Nature's Scoreboard
Day | Time | Event | Severity | Reaction |
---|---|---|---|---|
Sunday | 8 pm | Earthquake | M6.9; S4 | Surprise! |
Monday | 7 am | Fierce Rain | 65 mm | Wow. |
Tuesday | 5 am | Earthquake | M6.6; S4 | Again? |
Tuesday | ?? | Typhoon #9 | Pfft... |
We've experienced two big earthquakes in three days - a magnitude 6.9 on Sunday at 8 pm and one of 6.6 this morning at 5, both felt in Tokyo as a 4 on the Shindo scale. These were good shakers; in the stationery store on Sunday, pens rattled in their displays. This morning the bed rocked like a choppy ocean and I heard our glasses clinking together in their cabinet. No damage done in either quake in Tokyo, but there are some fires and collapses nearer the epicenter in this morning's quake. NHK says we should be braced for further quakes, but not the Big One.
Following the quake Sunday we had a torrential rain yesterday morning. 65mm fell in under two hours. It was impressive. The river rose quickly at Iidabashi and I heard the flood warning sirens sound, though the river didn't flood.
This morning I am battening down for the main thrust of Typhoon #9. By battening down, I mean making a pot of coffee and turning on a light as the sky dims. The rain has started, but it's gentle so far. Despite that typhoons are equivalent to hurricanes, I rarely worry about them, which is probably completely insane. But so often the warnings come to nothing - the typhoon veers away before it reaches the city or it peters out. They are hard to predict accurately so there is a lot of wolf-crying. I think, though, this one might actually slam us.
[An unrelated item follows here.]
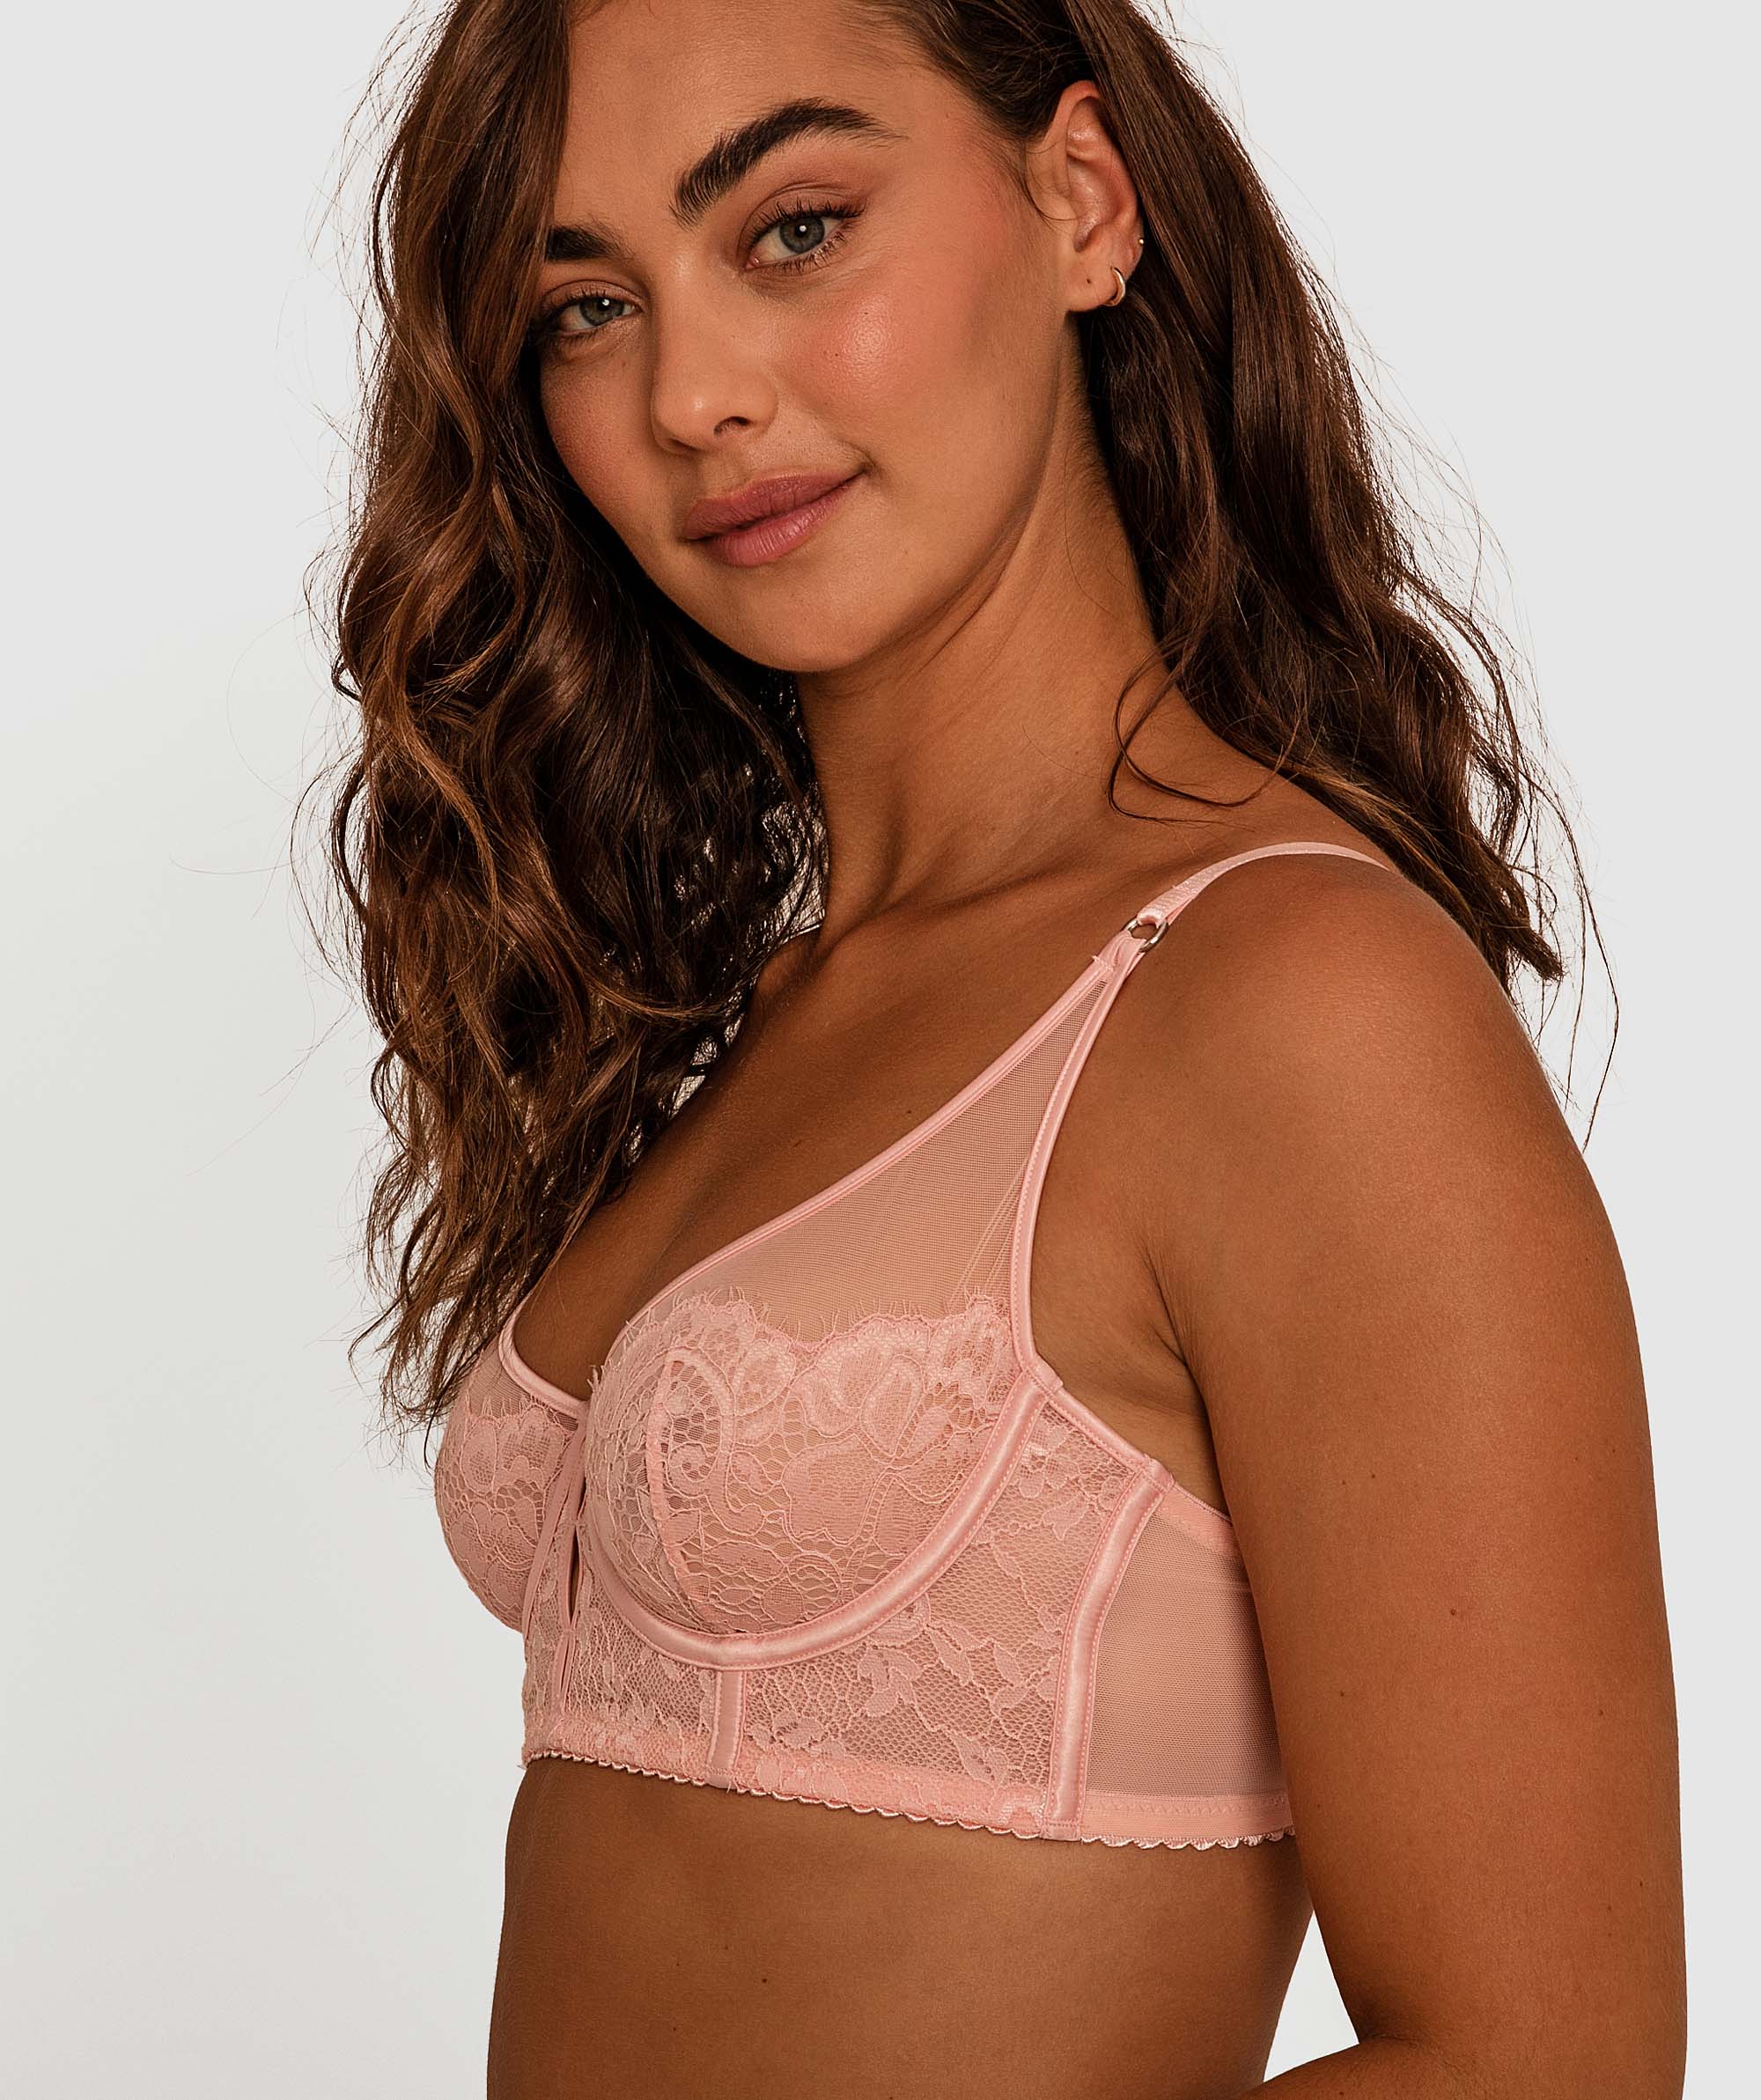 All About Me Underwire Bra - Blush Pink

Science says no, but I still think there is a link between rain and earthquakes.
I agree - there is frequently a co-occurence, but just cos they havent found a link doesnt mean there isnt one.
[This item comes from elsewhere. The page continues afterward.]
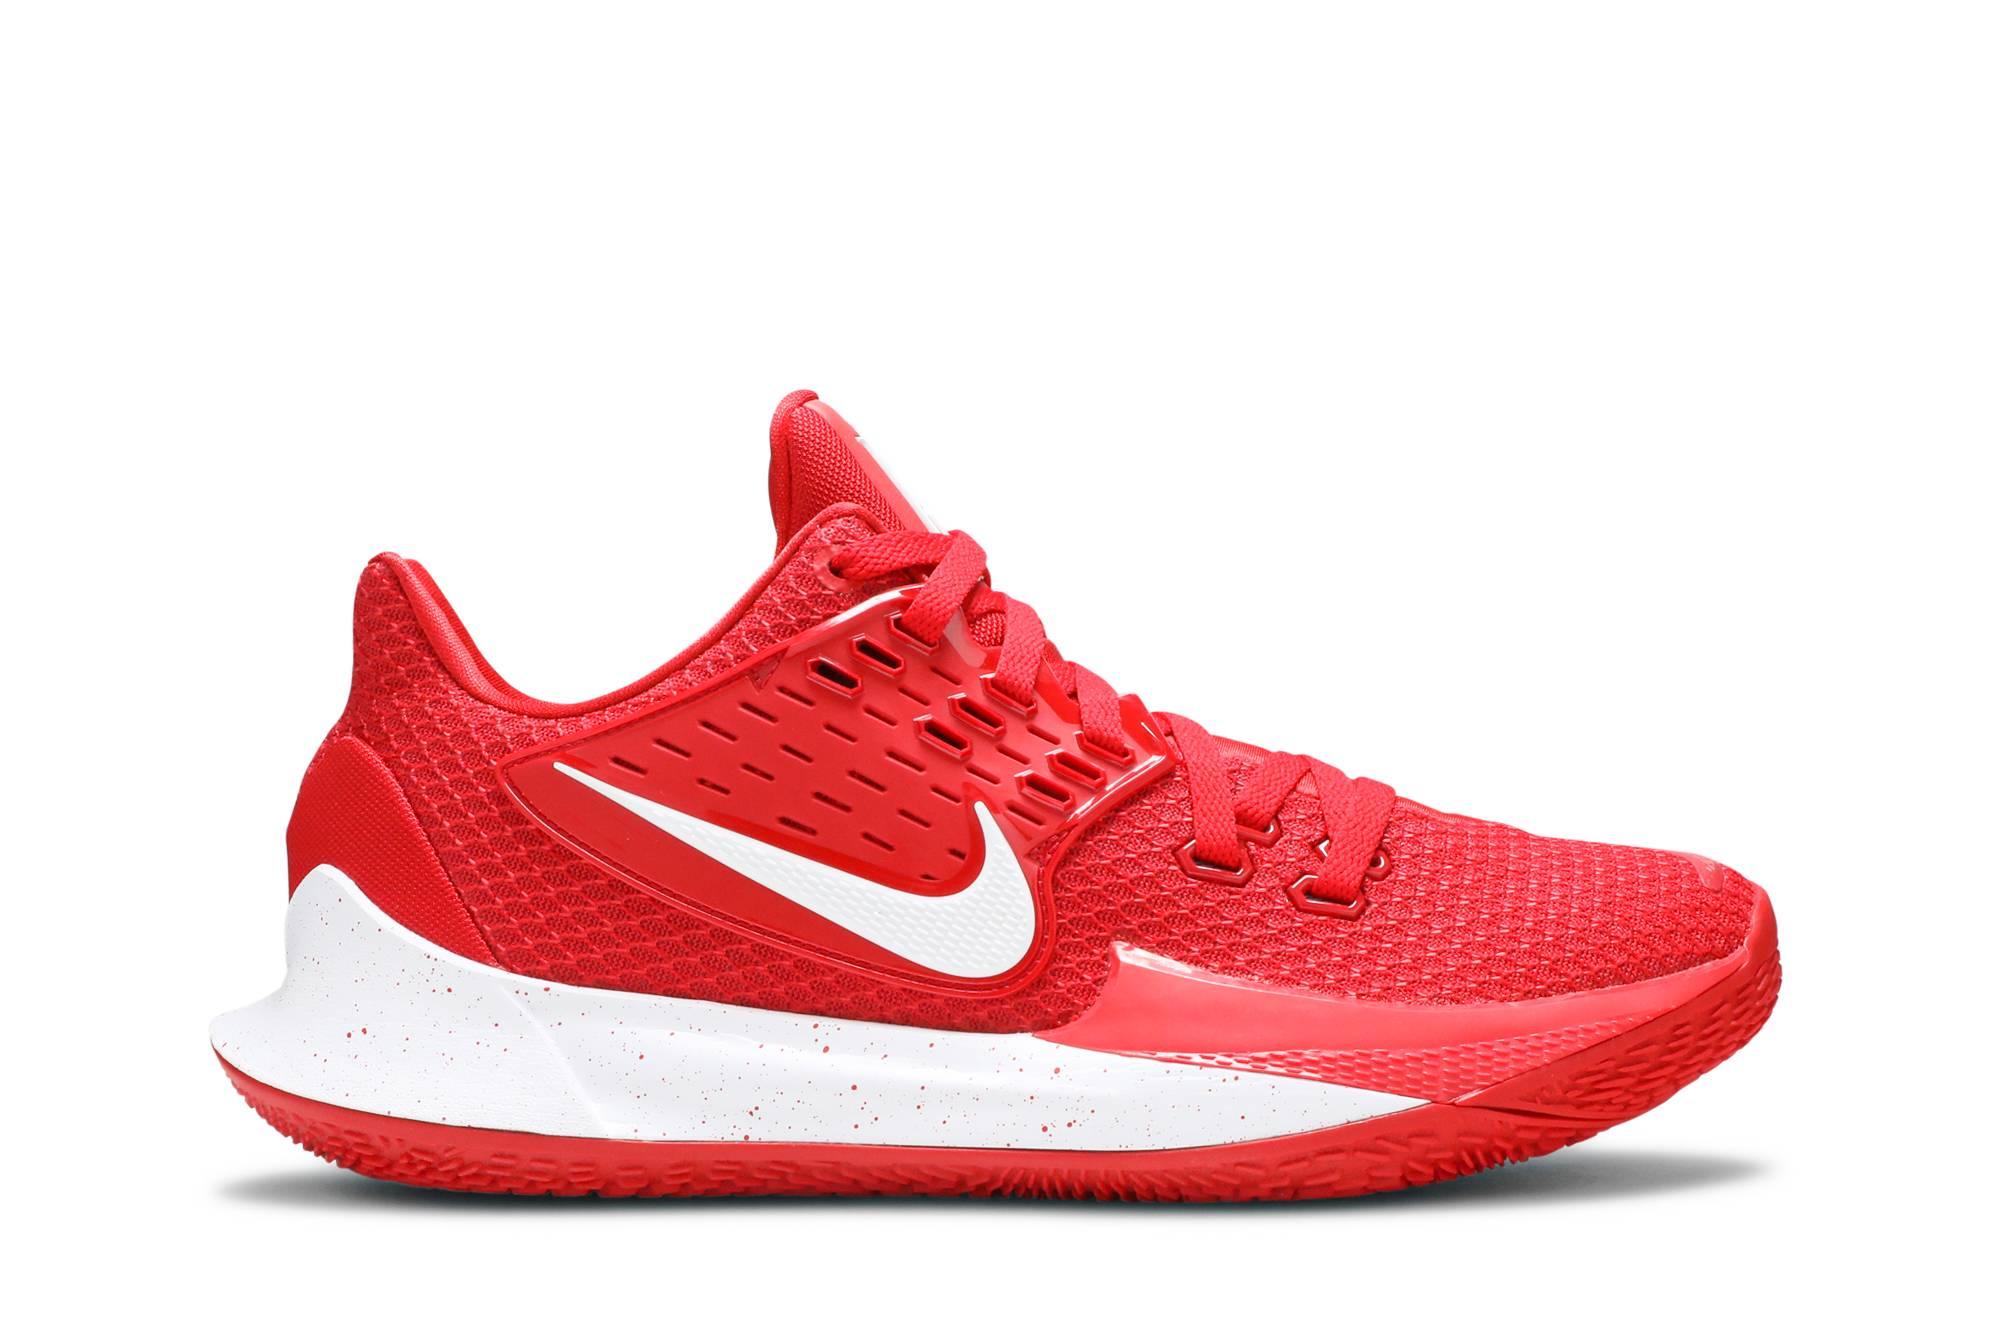 Nike Kyrie Low 2 in University Red

Its like when we watch Time Team, and they say "there is no evidence" and Sean and I say "you mean you havent found any evidence"....
Just checking in to see how you are. The news here said that one woman in Tokyo was killed by falling debris and about 80 injured.
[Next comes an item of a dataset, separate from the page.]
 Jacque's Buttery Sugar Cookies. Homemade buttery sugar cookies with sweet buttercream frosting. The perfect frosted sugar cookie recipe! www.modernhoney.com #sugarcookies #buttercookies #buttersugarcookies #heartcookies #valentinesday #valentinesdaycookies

Although it didn't report any conclusions, the news here in the US was...
"Katsuyuki Abe, a Tokyo University seismology professor, said experts were studying whether Tuesday's quake could foreshadow a major temblor. Japan is one of the world's most earthquake-prone countries, and experts believe Tokyo has a 90 percent chance of being hit by a major quake over the next 50 years."